How is the data gathered and pre-processed?
A good first step in most ‘prediction’ use-cases solved is using statistical computation and/or machine learning, if a sufficient amount of historical data and a good understanding of the input feature set is available. If your machine learning model doesn’t have quality data feeding into it, then the resulting predictions will be highly inaccurate. Hence, data pre-processing is necessary to clean the data and convert it into a form from which you can use leading indicators for predictions. This is often a challenging and time-consuming process.
In the case of Project Canary, we too had to do a fair amount of pre-processing due to the unstructured nature of the enterprise data. We also had to integrate the data gathered via multiple sources, to be able to analyze it using AI/ML techniques.
What are the algorithms used by Canary?
Once the data is preprocessed and ready, it becomes possible to decide which modeling strategy fits best. Of the different modeling strategies available for predictive analytics, Project Canary utilizes outlier detection algorithms in order to predict and flag risks. An outlier is defined as a finding that diverges from an overall pattern on a sample.
While there are multiple approaches for identifying outliers like z-score or extreme value analysis, probabilistic and statistical models, and proximity-based models, these approaches are not effective in:
- Identifying the abnormal attributes when the outlier has abnormal values on more than the specific number of its attributes
- Discovering accurate rules to detect outliers and their abnormal attributes.
Hence, Canary has used pattern-based outlier detection methods. These methods identify abnormal attributes after discovering the reliable frequent patterns that reflect the typical characteristics of that feature set. Along with this, we have also used the z-score and isolation forest algorithm for some of the features to predict alerts. As we progress and build a good feedback mechanism, this would also be able to be utilized in order to train a supervised machine learning model for automated predictions.
How does Canary send the warnings?
The goal of Canary is to move away from static dashboards to more task-centric and actionable insights. Dashboards are a good tool for decision making but are typically time-consuming to interpret. They don’t prescriptively tell what the user is supposed to do just by looking at the chart or an insight. As a part of Canary, we wanted to give the users short alert messages in the form of actionable cards on everyday applications (Outlook, Teams, etc) without requiring users to navigate to another dashboard or tool to check what went wrong.

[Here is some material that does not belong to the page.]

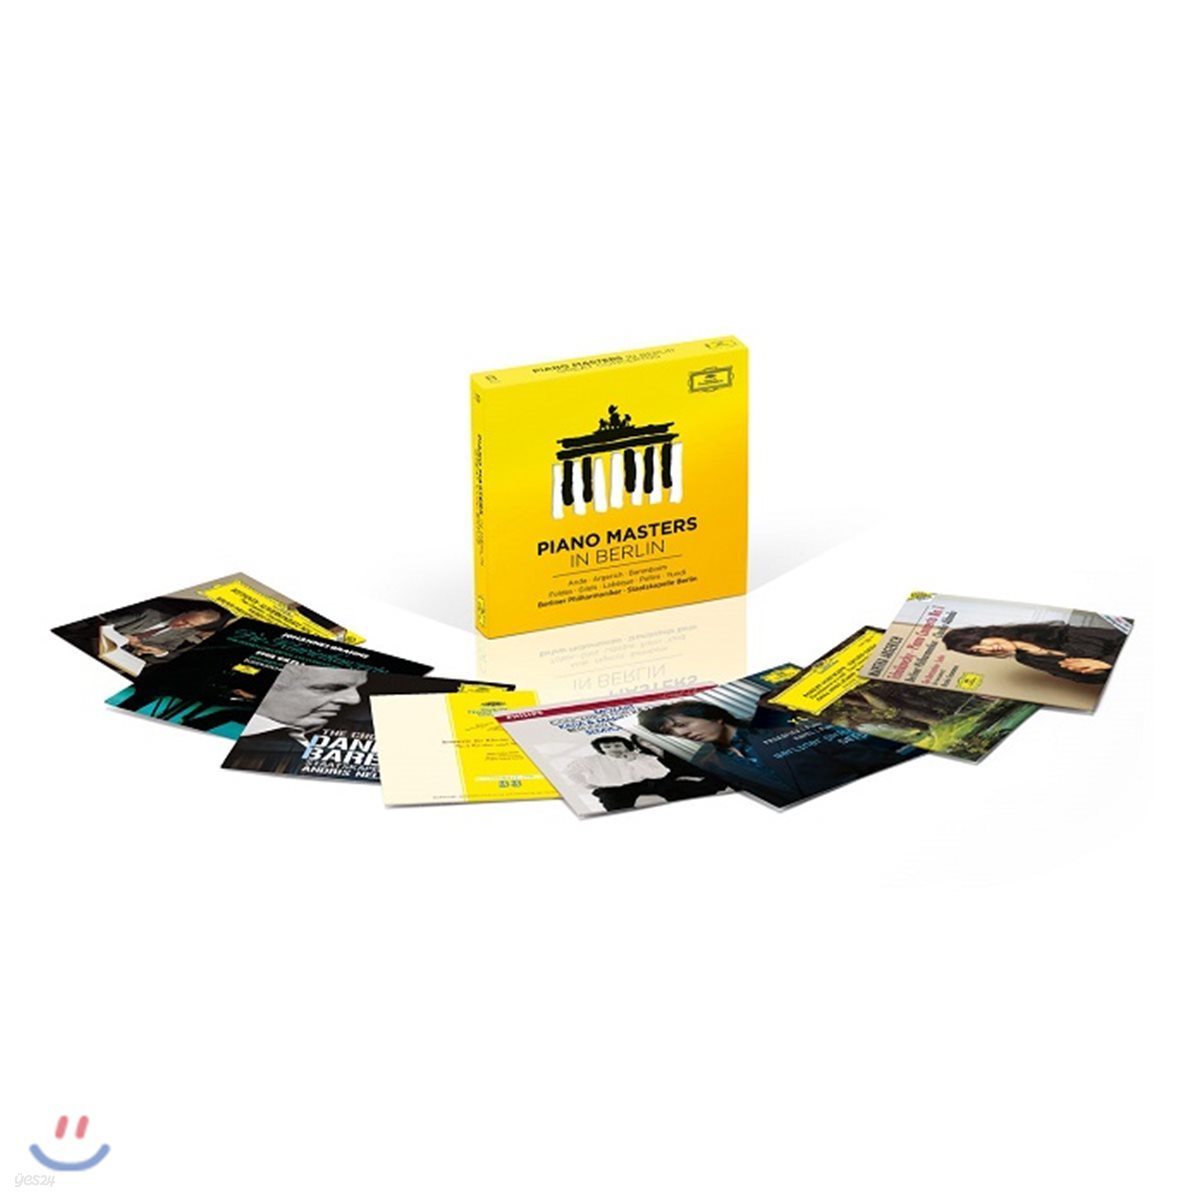 피아노 마스터스 - DG 레이블 피아노 협주곡 명반 모음집 (Piano Masters in Berlin)

Moving away from dashboard-like applications requires a change in mindset and also different approaches of understanding the underlying data structures and automation. Canary is implemented in a way so that the users do not need to go and track the complex data visualizations but can get relevant insights right in their mailboxes in form of compact adaptive cards.
Is Canary always helpful?
In the case of the coal mine, the miners are clear on what action to take in case of a warning. In a software engineering scenario, project managers would need some additional details on suggested actions that they can take based on the data. We plan to provide this in the form of action buttons depending on scenarios. Engineering managers may then decide to optionally navigate to the underlying traditional organization dashboards if needed to track and handle the situation.
Canary also had a feedback mechanism to seek inputs from the users for the personalized alerts delivered in their mailboxes. Learning from these will help the system improve accuracy and relevance.
Conclusion: Canary be useful “beyond the mines”
Predictive Project Management using AI/ML is the future of project and program management. We not only can use this solution to help in predictive analytics, but it also can help the project managers plan more accurately, automate the mundane tasks, and deliver higher value to the customers. For us, Project Canary is just one step towards our efforts to help engineering managers. Also, once Canary reaches its level of intelligence, it can be used to work with different sets of underlying data, including those beyond the project management space.
There is still a wealth of dark data yet to be explored. As dark data is a popular topic of interest, we will also share in an upcoming blog how Persistent is using this data in another larger context to improve and enable sales teams to do their jobs better.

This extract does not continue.